**Assignment**: Print exactly the lines below between the line containing "Request for Proposals 2009-2010" and the line containing "Women's Cashmere Double-Breasted", counting both of those lines. Leave pictures out.

─── Data section ───

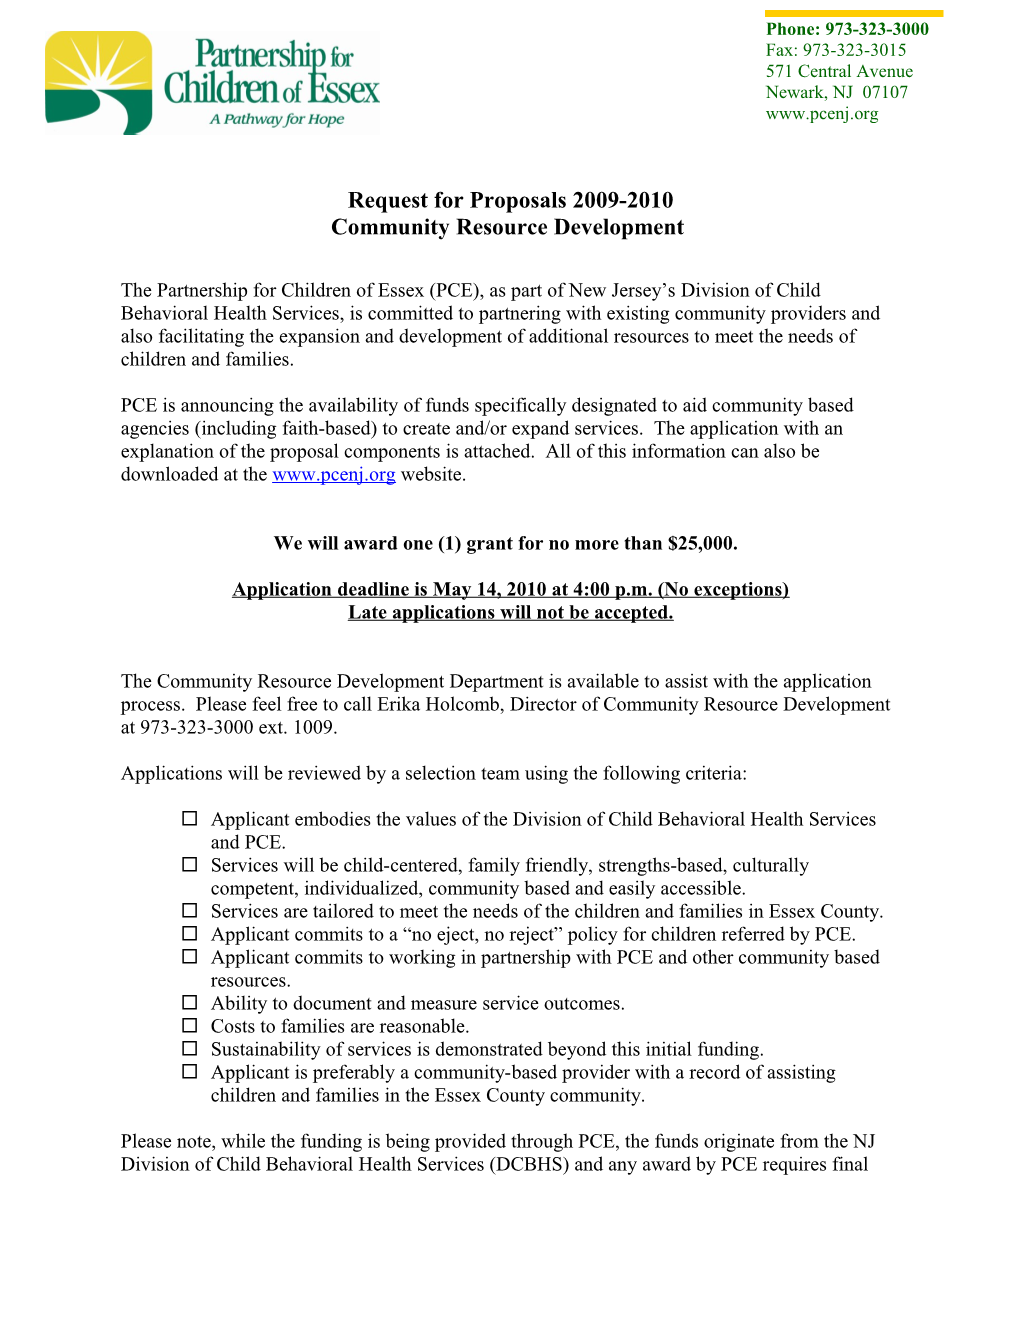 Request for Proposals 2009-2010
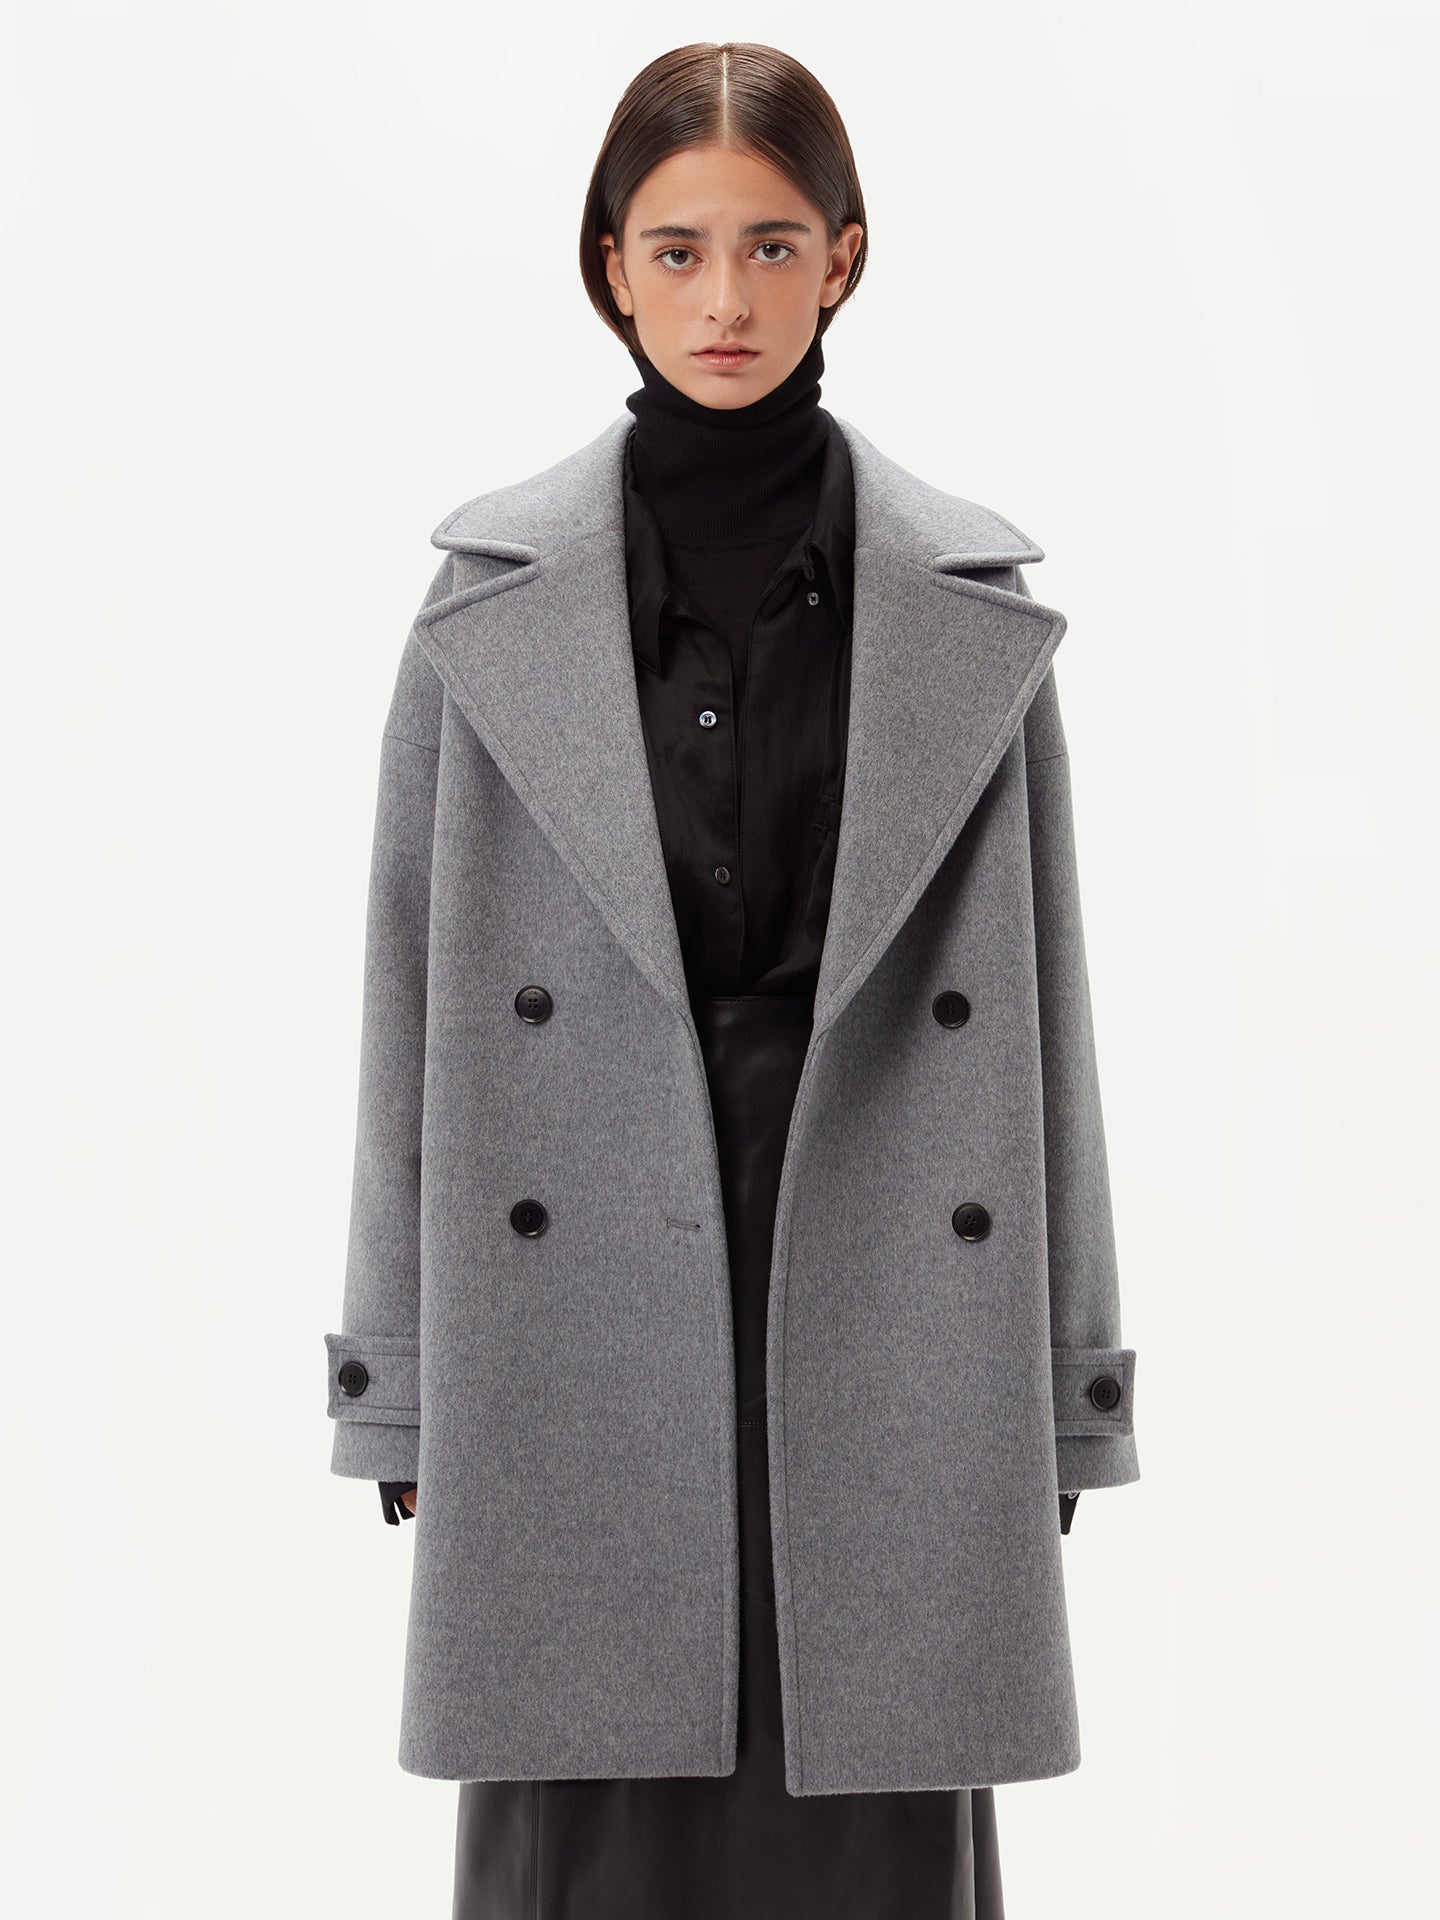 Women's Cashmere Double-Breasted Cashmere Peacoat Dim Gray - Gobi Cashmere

───
─── Data section ───

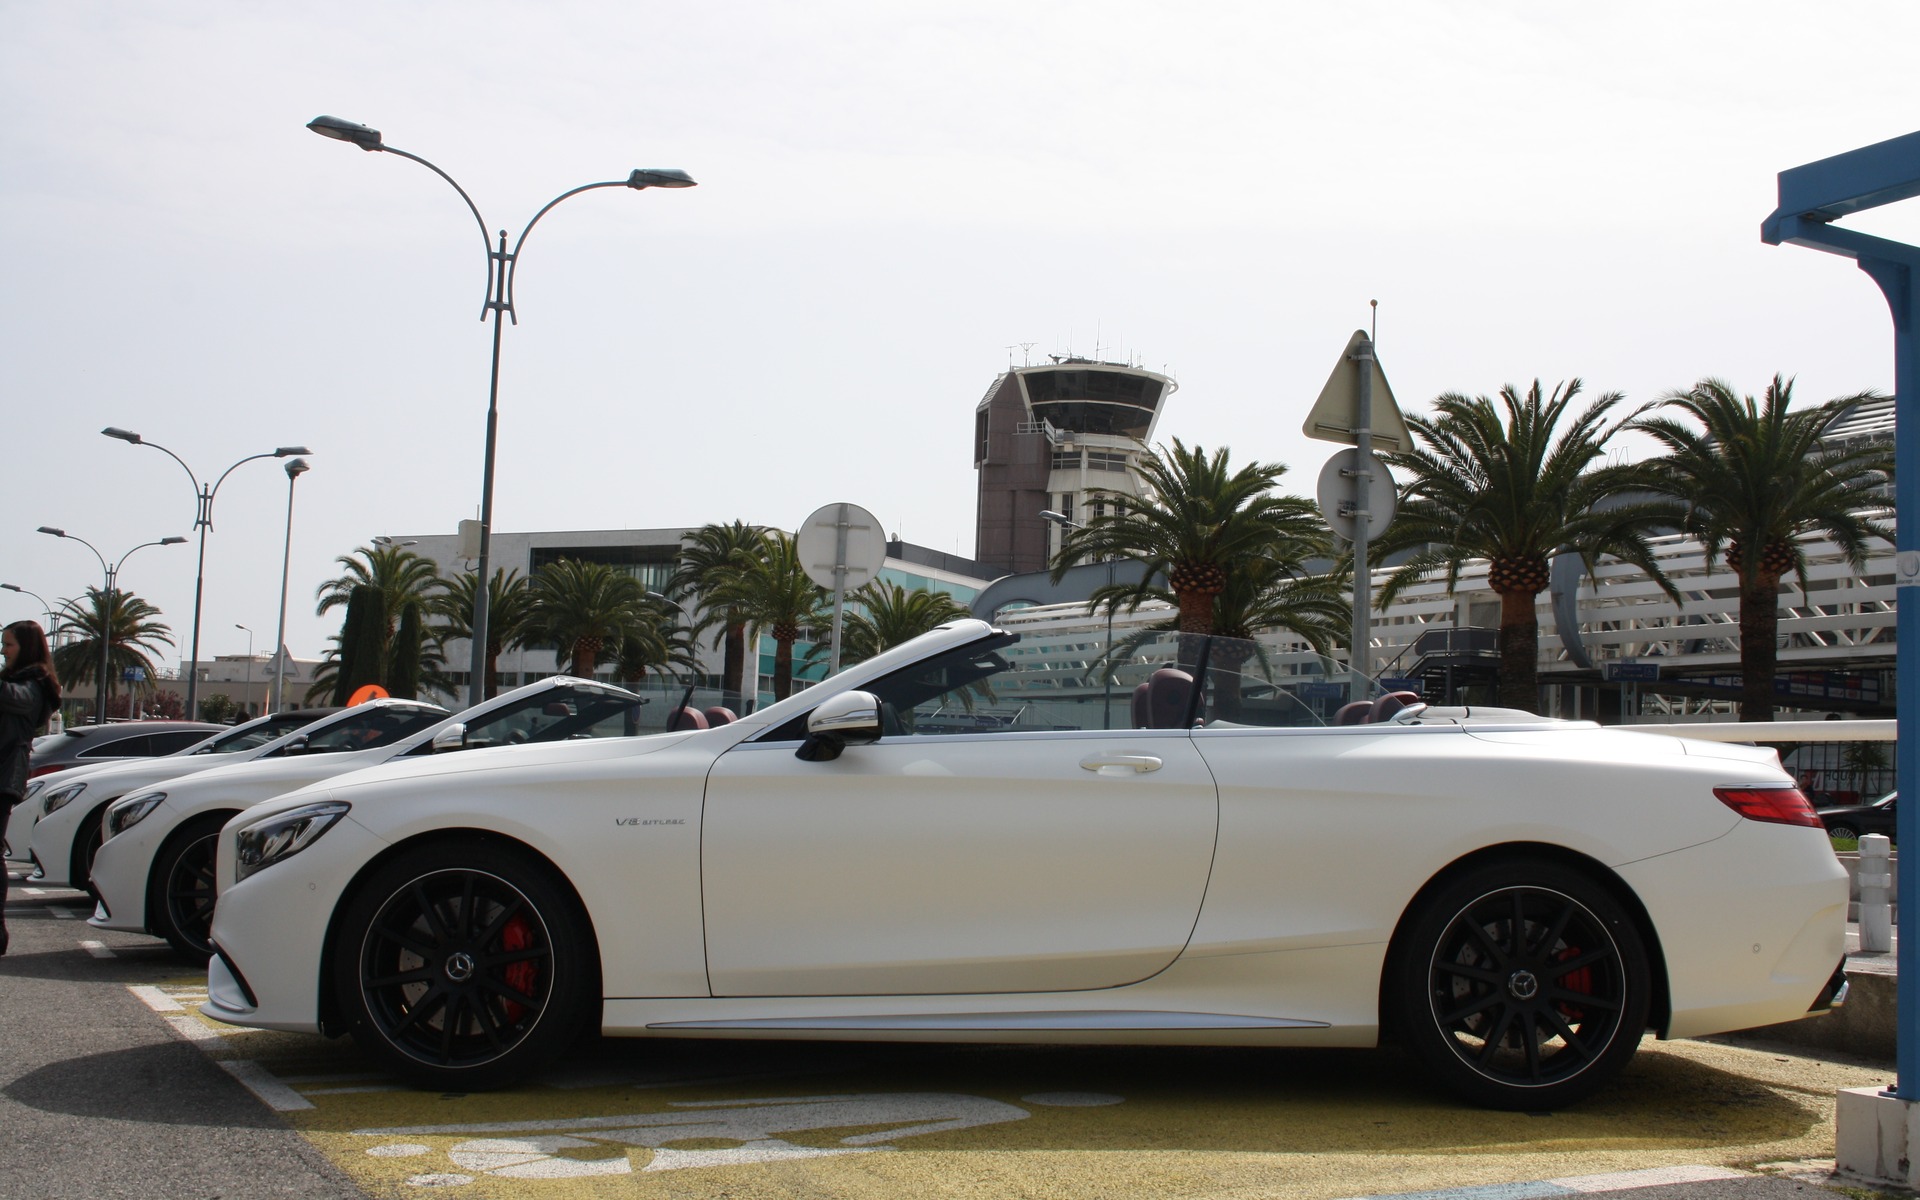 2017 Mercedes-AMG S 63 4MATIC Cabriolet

───
─── Data section ───

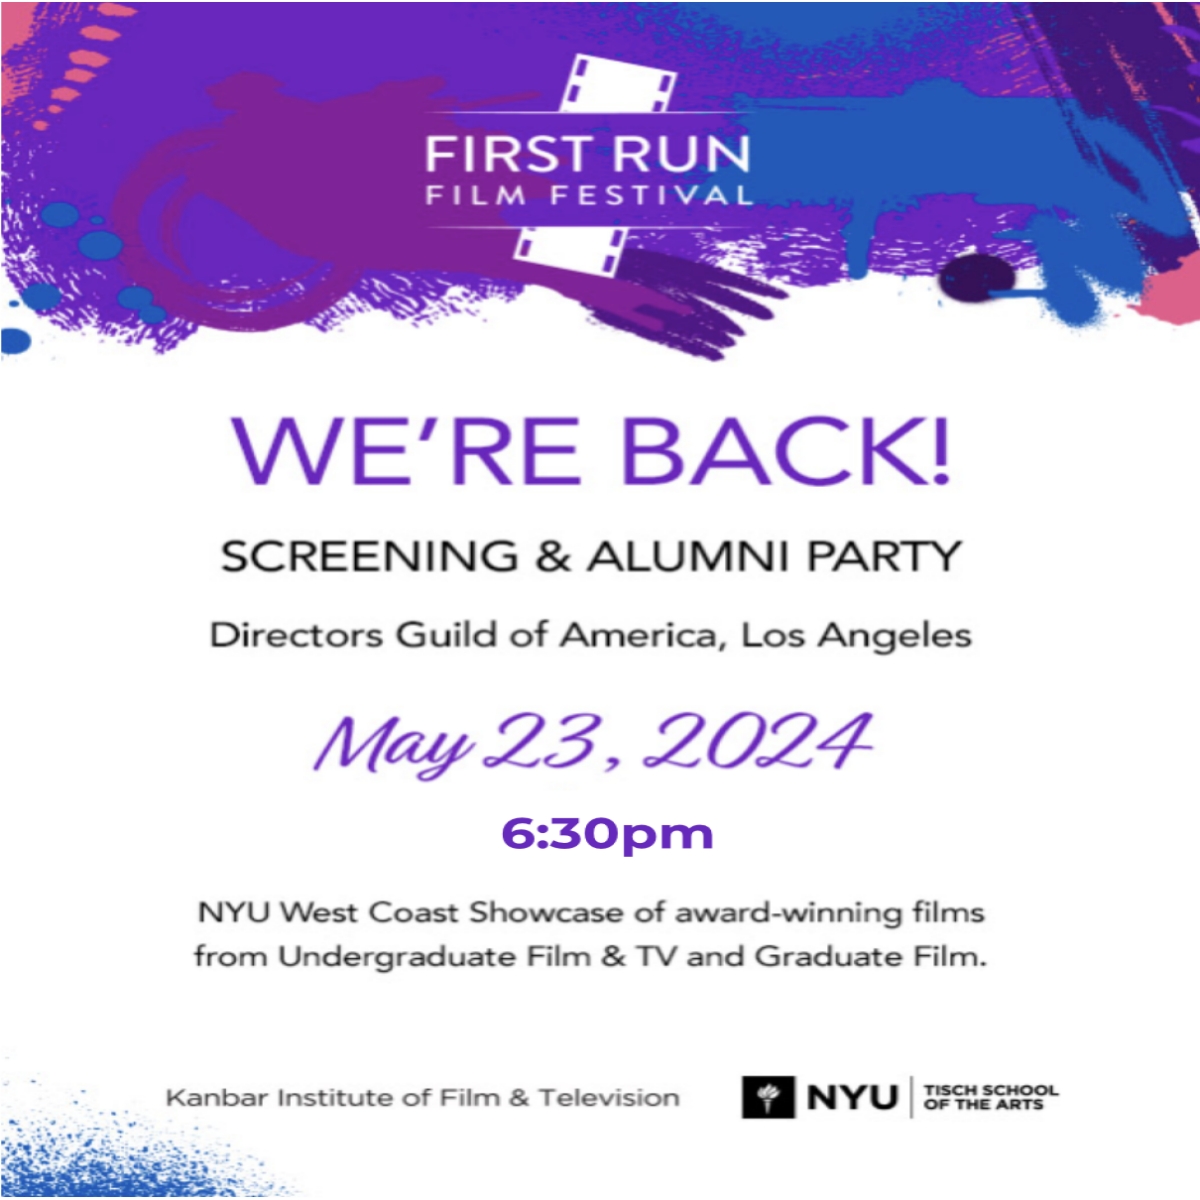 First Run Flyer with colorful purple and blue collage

───

**Answer below**:
 Request for Proposals 2009-2010
 Women's Cashmere Double-Breasted Cashmere Peacoat Dim Gray - Gobi Cashmere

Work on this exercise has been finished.